• **What you are asked to do**: Would you give the listing again exactly as written, minus its pictures?

• **Data block**:
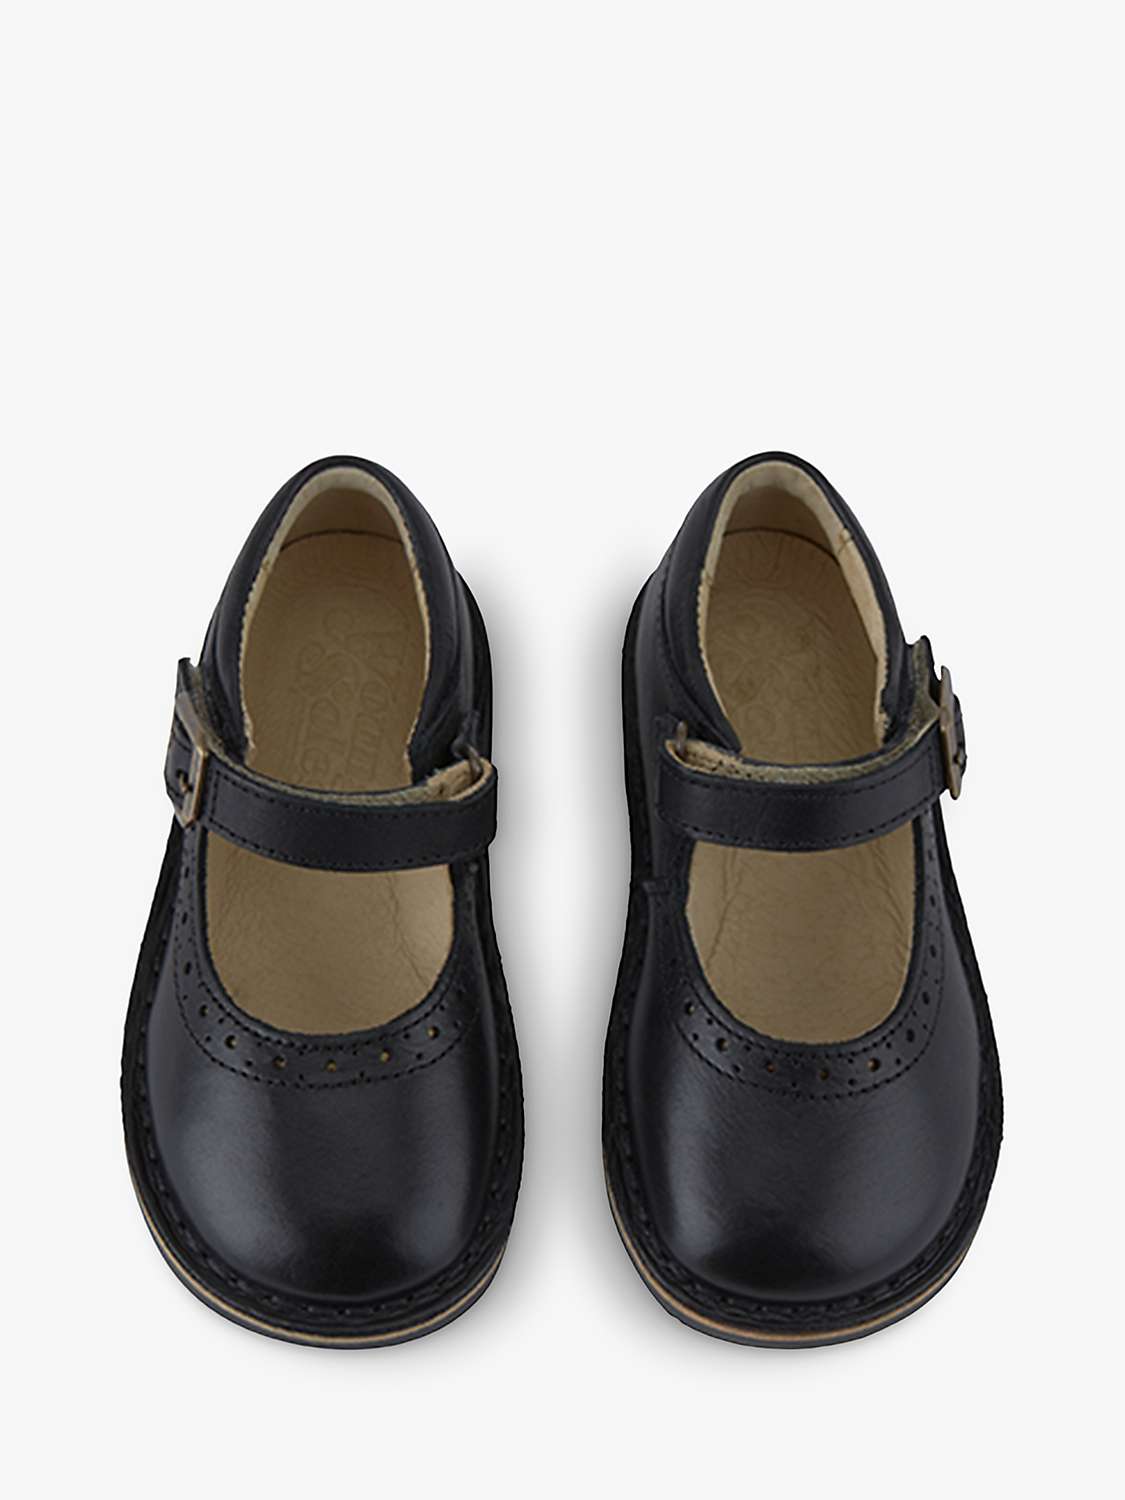 Buy Young Soles Kids' Martha Leather Mary Jane Shoes Online at johnlewis.com
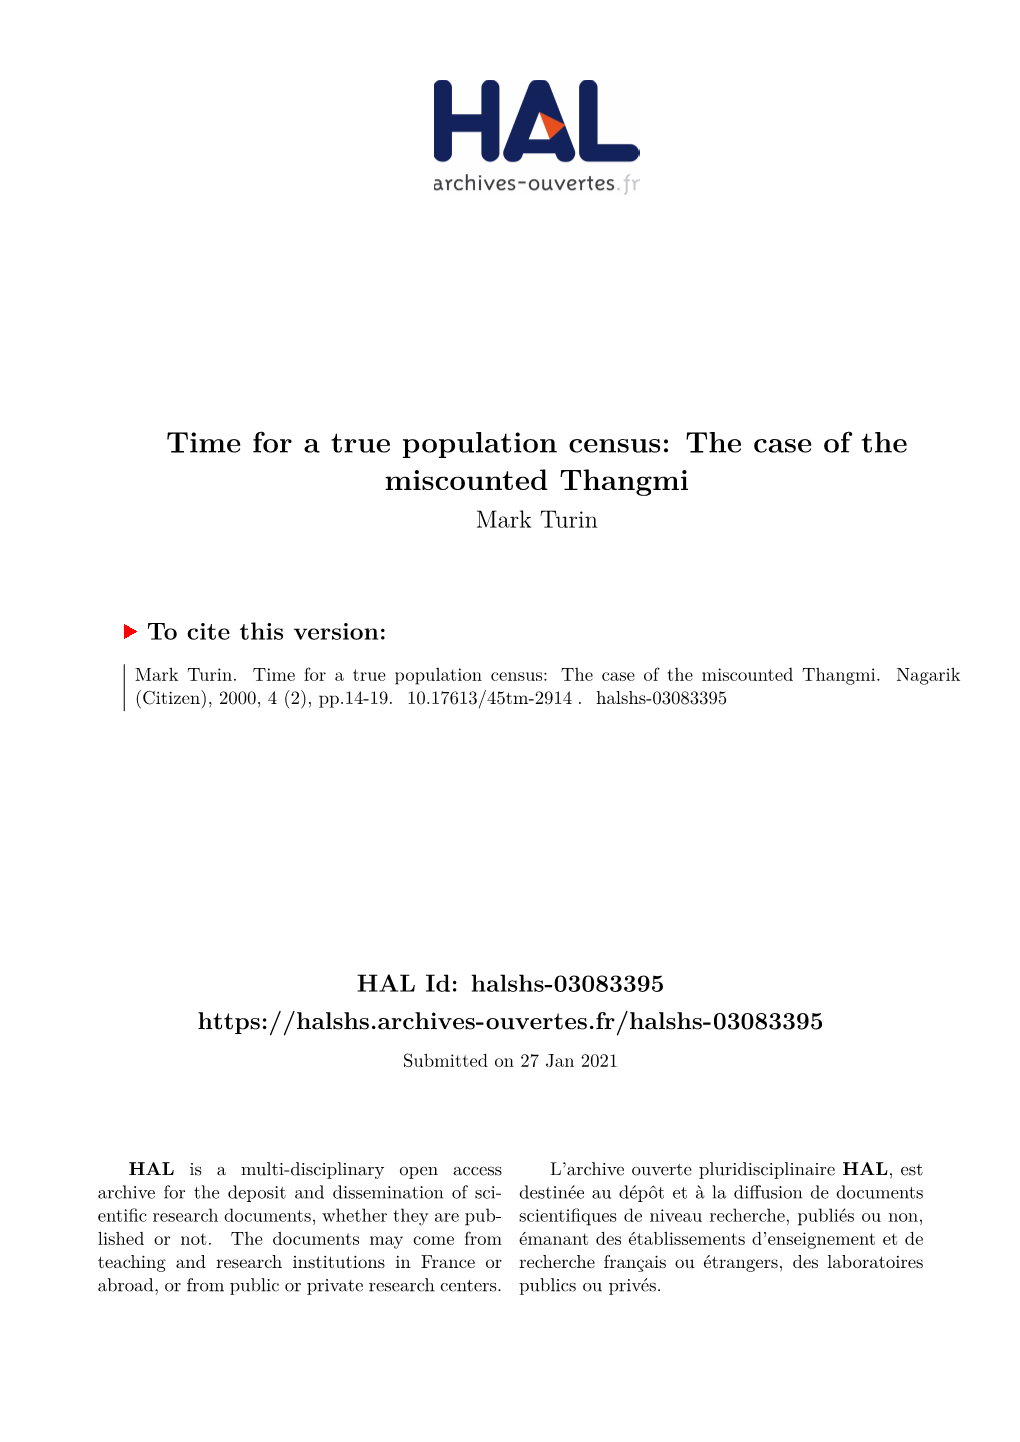 Time for a True Population Census: the Case of the Miscounted Thangmi Mark Turin
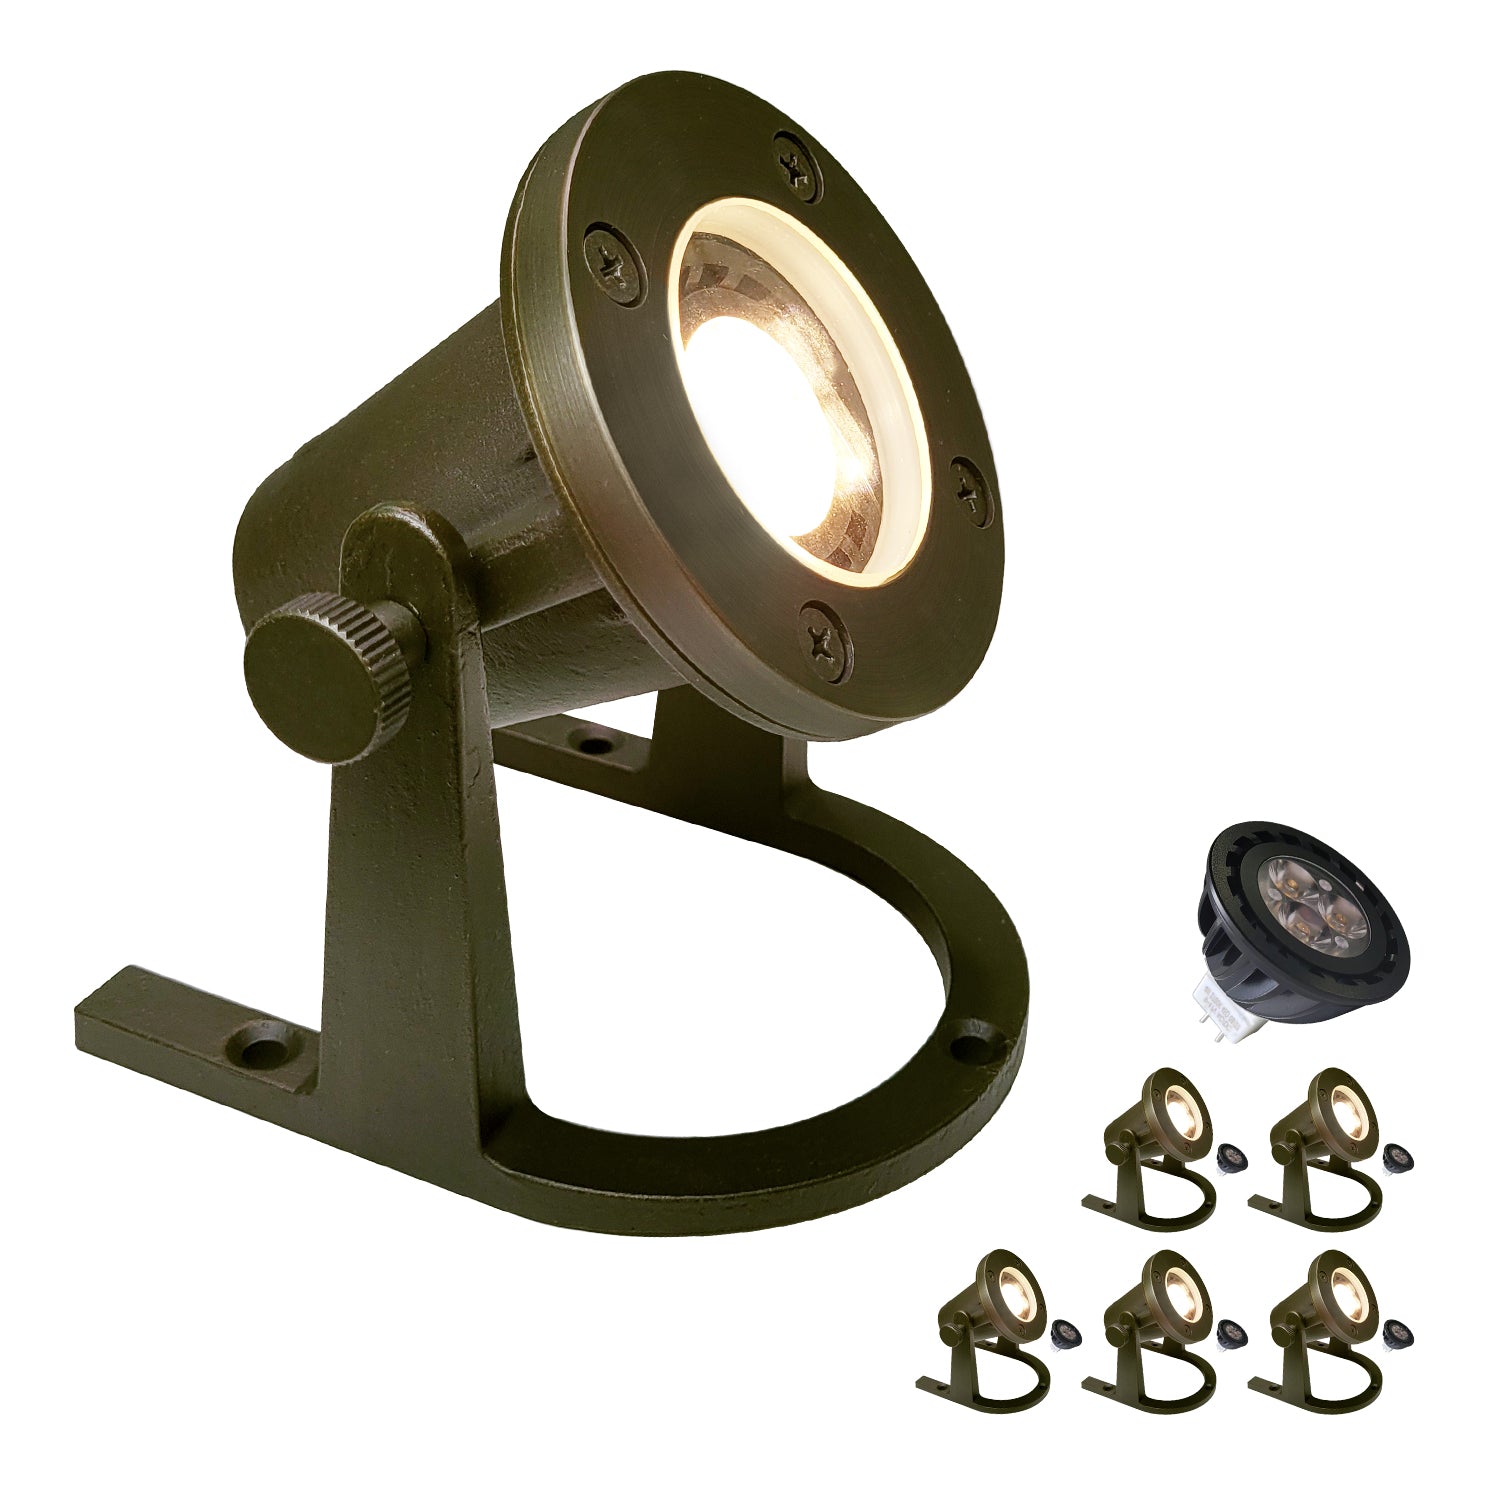 Brass underwater lights COU1201B for submersible waterfall pool fountain, low voltage landscape lighting.
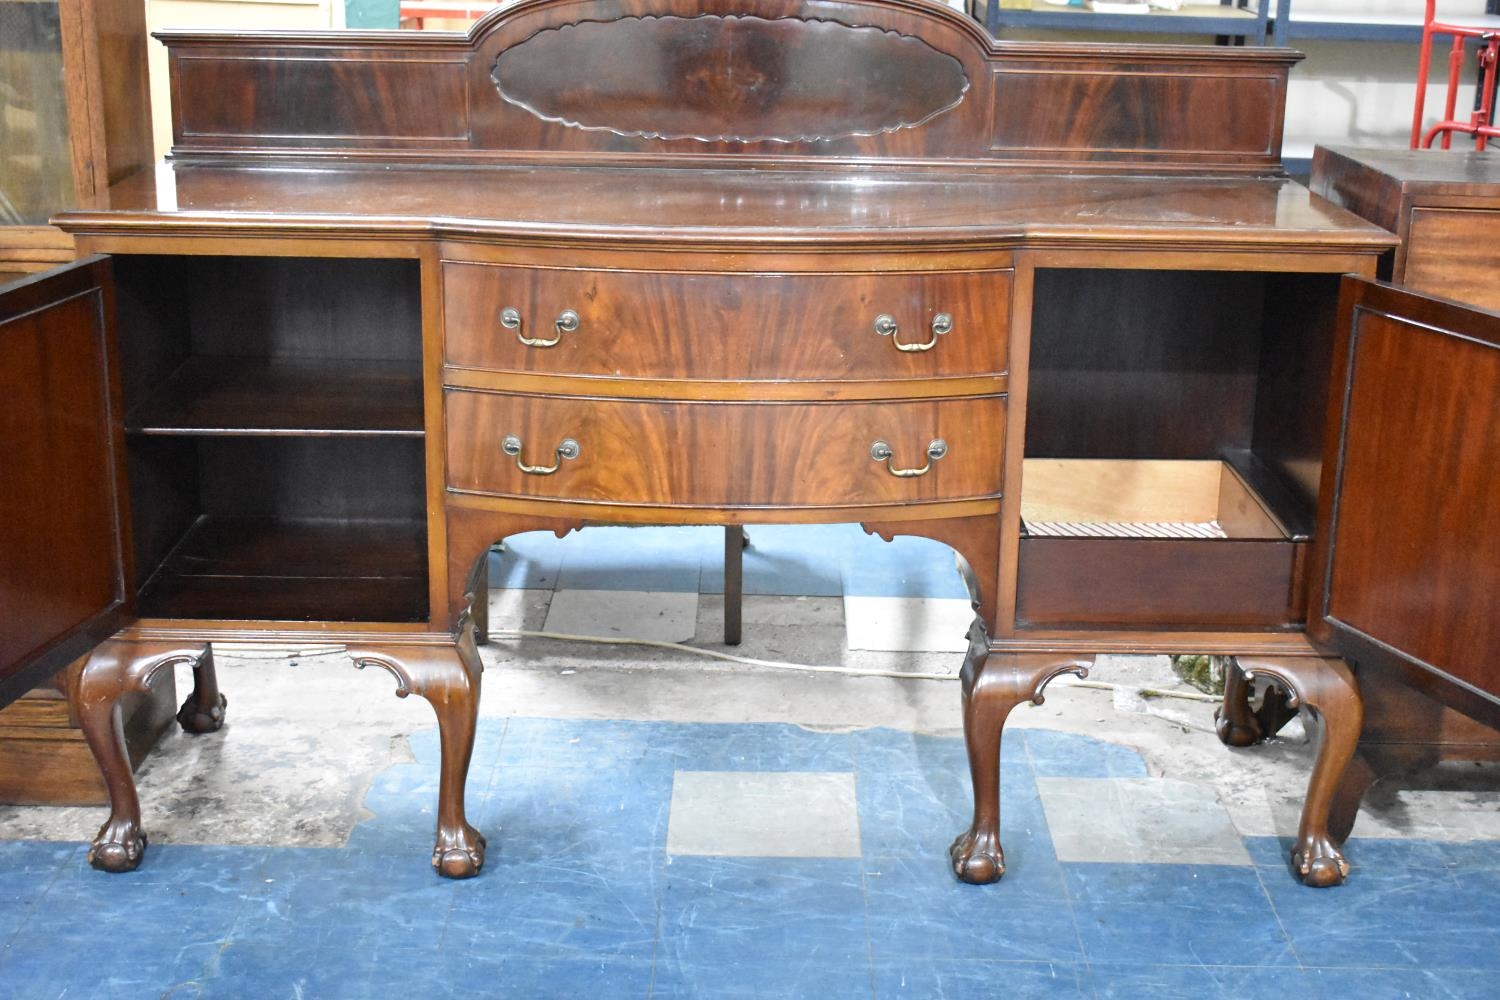 An Edwardian Mahogany Galleried Sideboard with Bowed Breakfront Having Cutlery Drawer and One Drawer - Image 2 of 4

• **Output below**:
 Buy Young Soles Kids' Martha Leather Mary Jane Shoes Online at johnlewis.com
 Time for a True Population Census: the Case of the Miscounted Thangmi Mark Turin
 Brass underwater lights COU1201B for submersible waterfall pool fountain, low voltage landscape lighting.
 An Edwardian Mahogany Galleried Sideboard with Bowed Breakfront Having Cutlery Drawer and One Drawer - Image 2 of 4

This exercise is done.